How long should I wait to do a heavy dethatch? I'll be dethatching with a front mounted rotary broom.


----------



## Tsmith (Aug 11, 2017)

Why are you dethatching?


----------



## Deere Jr (Dec 7, 2017)

Oops. I should have said that.

The dethatching is part of a smoothing project. I'll be spreading 28 yards of sand in about an acre of lawn to help reduce the bumps. I want to dethatch first.


----------



## Tsmith (Aug 11, 2017)

Dethatching disturbs the soil so I think you would be better off doing it in the fall instead of spring if you even have to do it at all as I wouldn't recommend doing it just to do it.


----------



## Ridgerunner (May 16, 2017)

> spreading 28 yards of sand


 By hand!?
You should wait until the turf has fully awoken and is actively growing. A third of a pound of N/M before de-thatching will help recovery.


----------



## Pete1313 (May 3, 2017)

Ridgerunner said:


> > spreading 28 yards of sand
> 
> 
> By hand!?
> You should wait until the turf has fully awoken and is actively growing. A third of a pound of N/M before de-thatching will help recovery.


Agreed. Wait for the turf to get going. That will be a few weeks yet for your area. Dethatch, clean everything up, mow as short as possible, add some N, sand, and then time your pre-m for just after.


----------



## thinair (Oct 12, 2017)

Had same question. Just bought the greenworks electric dethatcher. Itching to try it out.

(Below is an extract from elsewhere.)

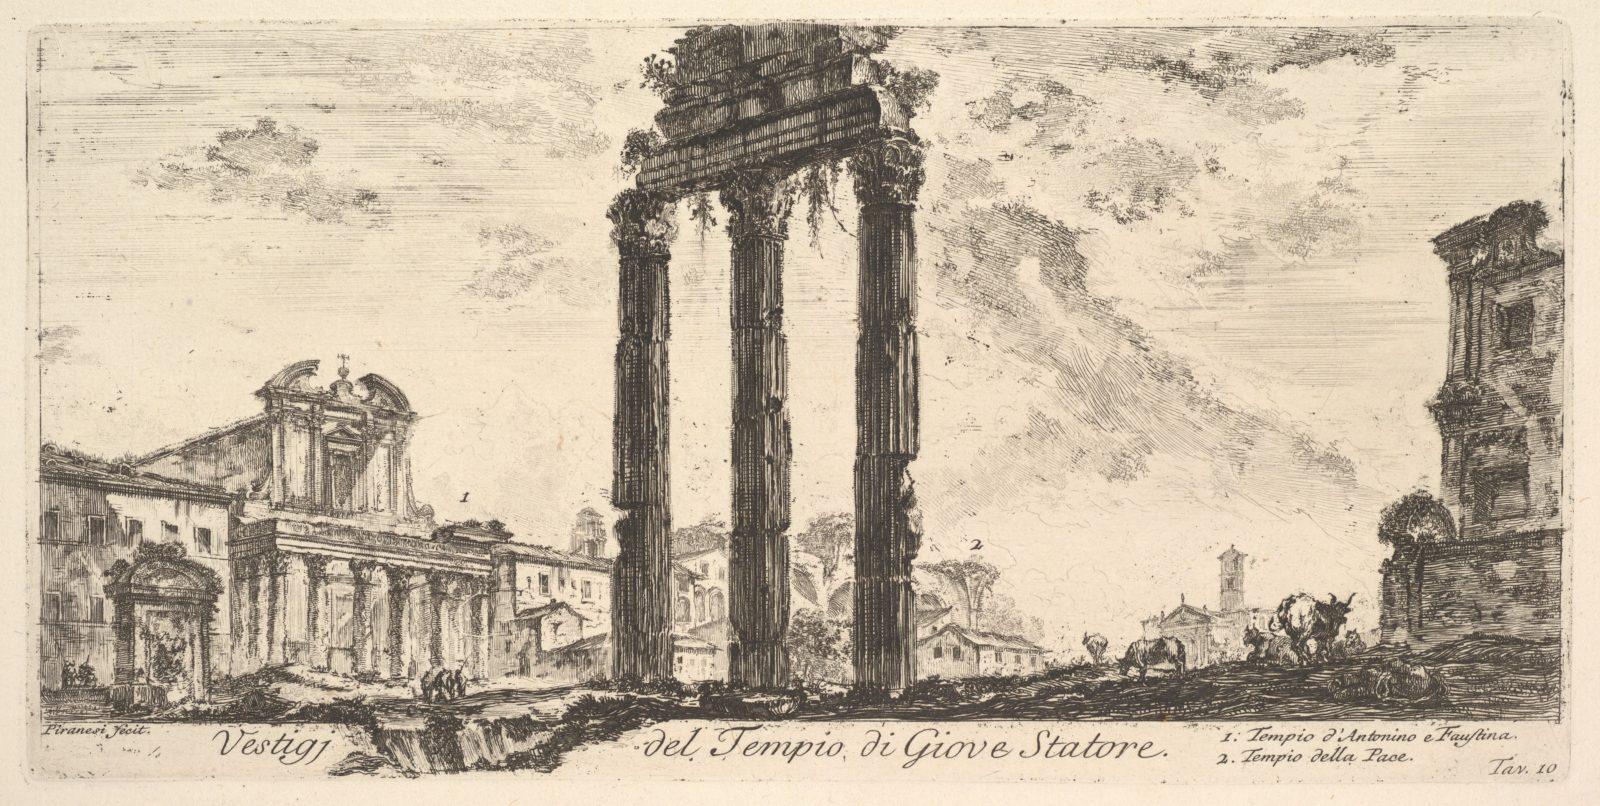 Plate 10: Ruins of the Temple of Jupiter Stator (Jupiter the Supporter). 1. Temple of Antoninus and Faustina. 2. Temple of Peace. (Vestigi del Tempio di Giove Statore. 1. Tempio d'Antonino e Faustina. 2. Tempio della Pace.)

I aerated and lightly over seeded in fall.

Want to dethatcher in spring and add more seed.


----------



## Deere Jr (Dec 7, 2017)

Pete1313 said:


> Ridgerunner said:
> 
> 
> > > spreading 28 yards of sand
> ...


Ridgerunner - LOL, no not by hand. That would suck. I'll be using a Turfo f12d for the spreading of sand.

Pete - Thanks for the tips. I wondered about the pre-m. I usually use a fertilizer + crabgrass control granular.


----------